A new study described the progression of liver disease in Wilson's disease (WD) by using a mouse model to examine the histological impact of copper overload.
Published in the Journal of Clinical Pathology, the study examined the stages of liver injury caused by copper accumulation, highlighting the role of inflammation, fibrosis, and atypia—and outlined potential benefits of chelation therapy.
WD is a rare genetic disorder caused by mutations in the ATP7B gene, disrupting copper transport and leading to toxic accumulation in the liver, brain, and other tissues. While WD is phenotypically diverse, liver involvement—ranging from asymptomatic changes to cirrhosis or acute liver failure—is common. However, early liver disease progression in WD remains poorly understood due to limited access to pre-symptomatic human samples, the authors noted.
This gap in knowledge prompted researchers to turn to animal models. Among them, the Atp7b−/− knockout mouse—a genetically engineered model—has emerged as a robust tool for studying WD-related liver pathology.

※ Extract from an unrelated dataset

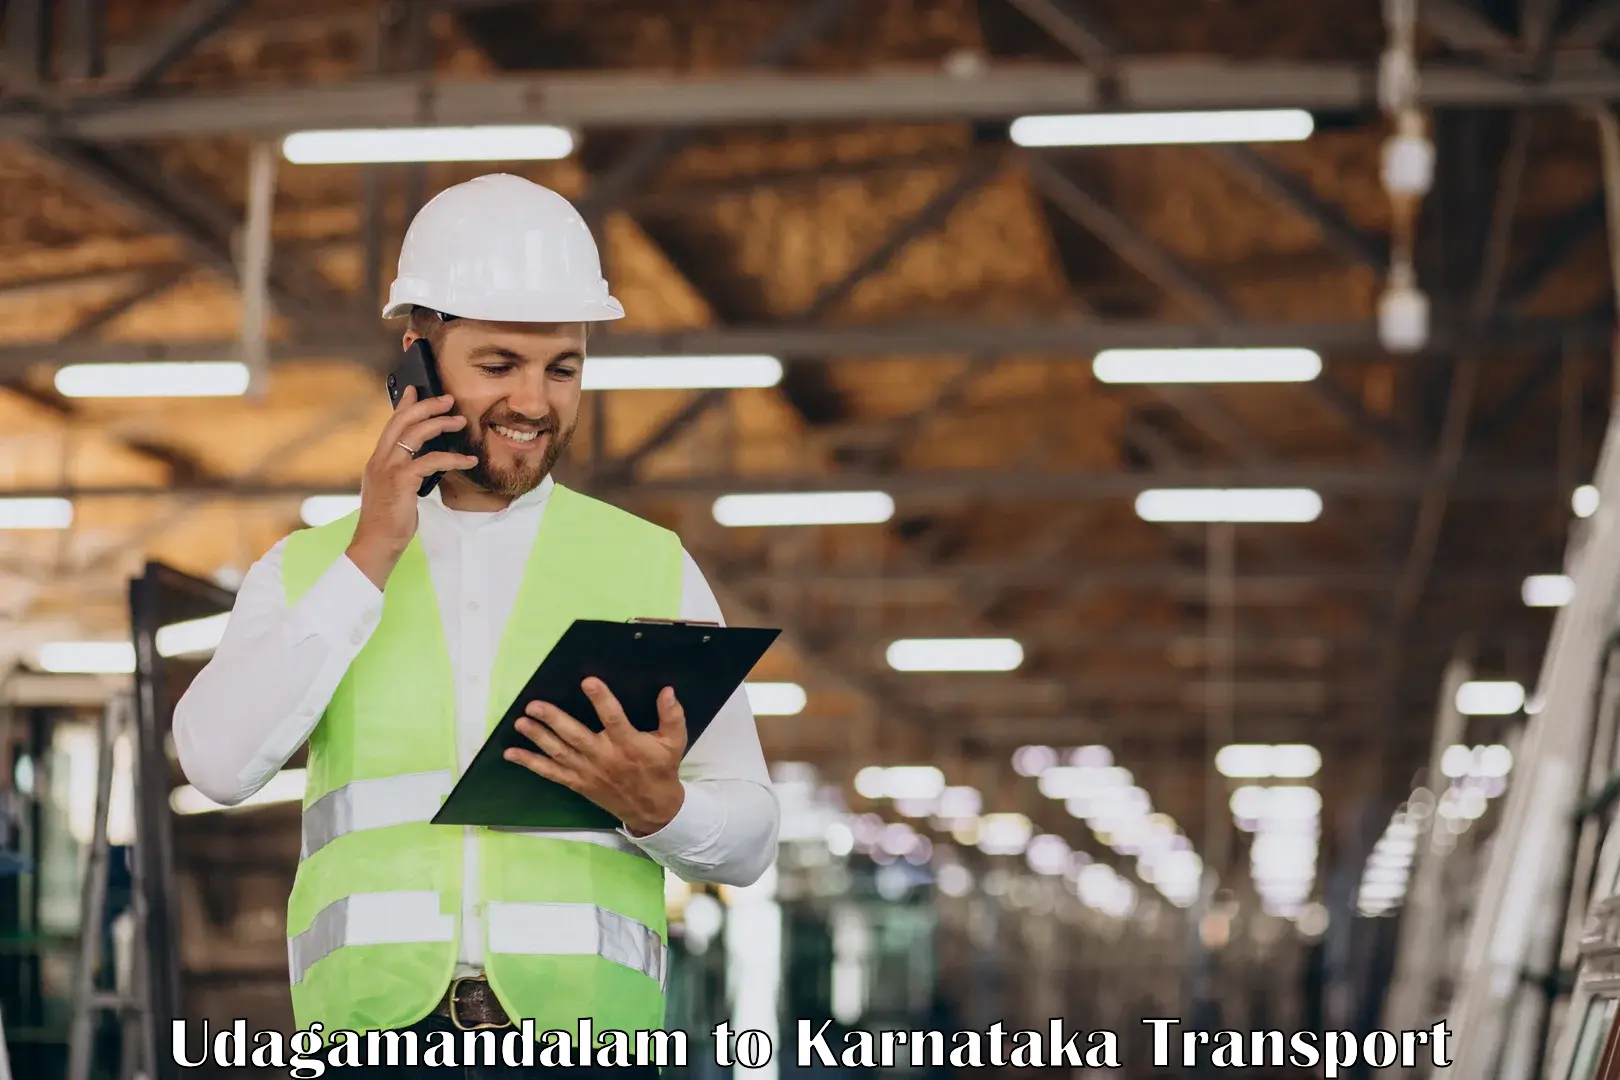 International cargo transportation services in Udagamandalam to Karnataka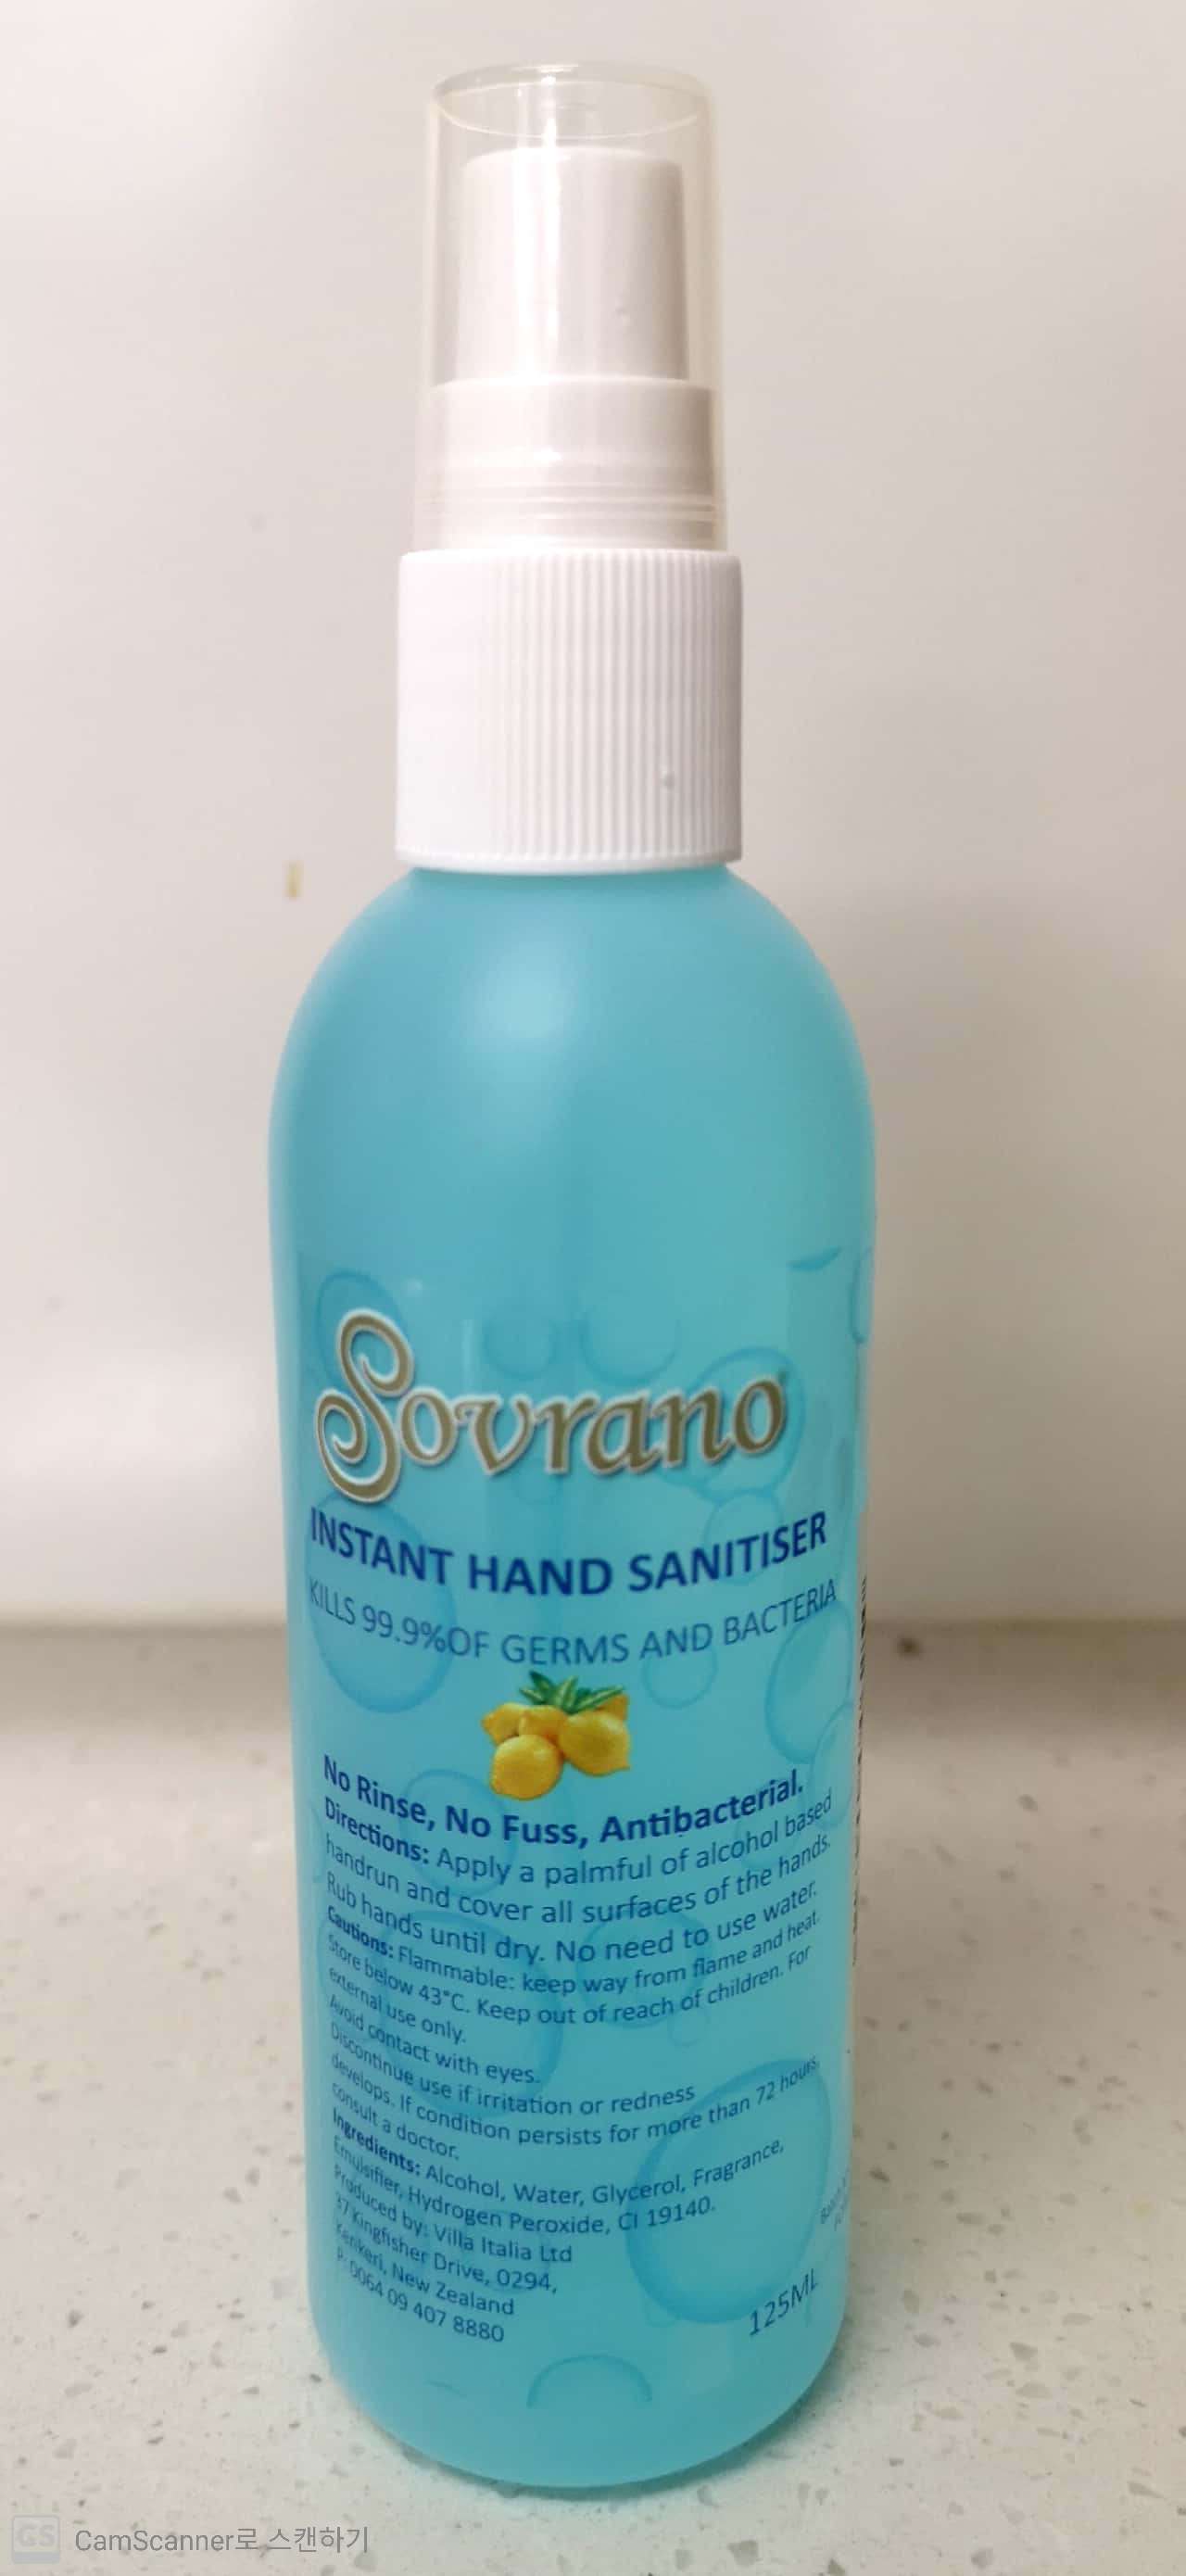 Sovrano Instant Hand Sanitiser 125mL

The study examined 138 Atp7b−/− mice across five age groups: 6, 20, 39, and 50 weeks, with and without copper chelation therapy. These groups were compared with 101 wild-type (WT) mice. The researchers performed comprehensive histological analyses to track liver injury progression.
Copper deposits in hepatocytes were detected as early as 6 weeks in Atp7b−/− mice but did not significantly increase over time. WT mice showed no copper deposition. Inflammation appeared by 6 weeks and progressively worsened, correlating with fibrosis, which became evident by 20 weeks. By 50 weeks, untreated Atp7b−/− mice displayed precirrhotic changes, while treated mice showed significantly reduced inflammation and fibrosis scores.
Significant cellular atypia, including nuclear enlargement and hepatocyte dysmorphia, emerged at 20 weeks and peaked by 39 weeks. Chelation therapy mitigated these changes but did not eliminate them. Nodular areas of regenerating liver tissue appeared in Atp7b−/− mice at 39 weeks. These nodules lacked copper deposits and were free of inflammation or fibrosis.
Unlike in human WD livers, steatosis was negligible, and no dysplastic or malignant changes were observed, aligning with the low malignancy risk typically seen in WD patients.
The study highlighted the efficacy of D-penicillamine, a copper-chelating agent, in reducing inflammation and fibrosis. However, the treatment did not reverse established nodular changes, underscoring the importance of early intervention.
Despite its strengths, the model has limitations. Unlike human WD, the mice do not exhibit neurological symptoms due to compensatory mechanisms in their brains, the authors wrote. Additionally, the absence of significant steatosis and malignancy in the mice highlights differences in disease manifestation.
Moving forward, researchers aim to extend the study duration to observe whether full cirrhosis or malignancy develops and to test novel therapeutic agents.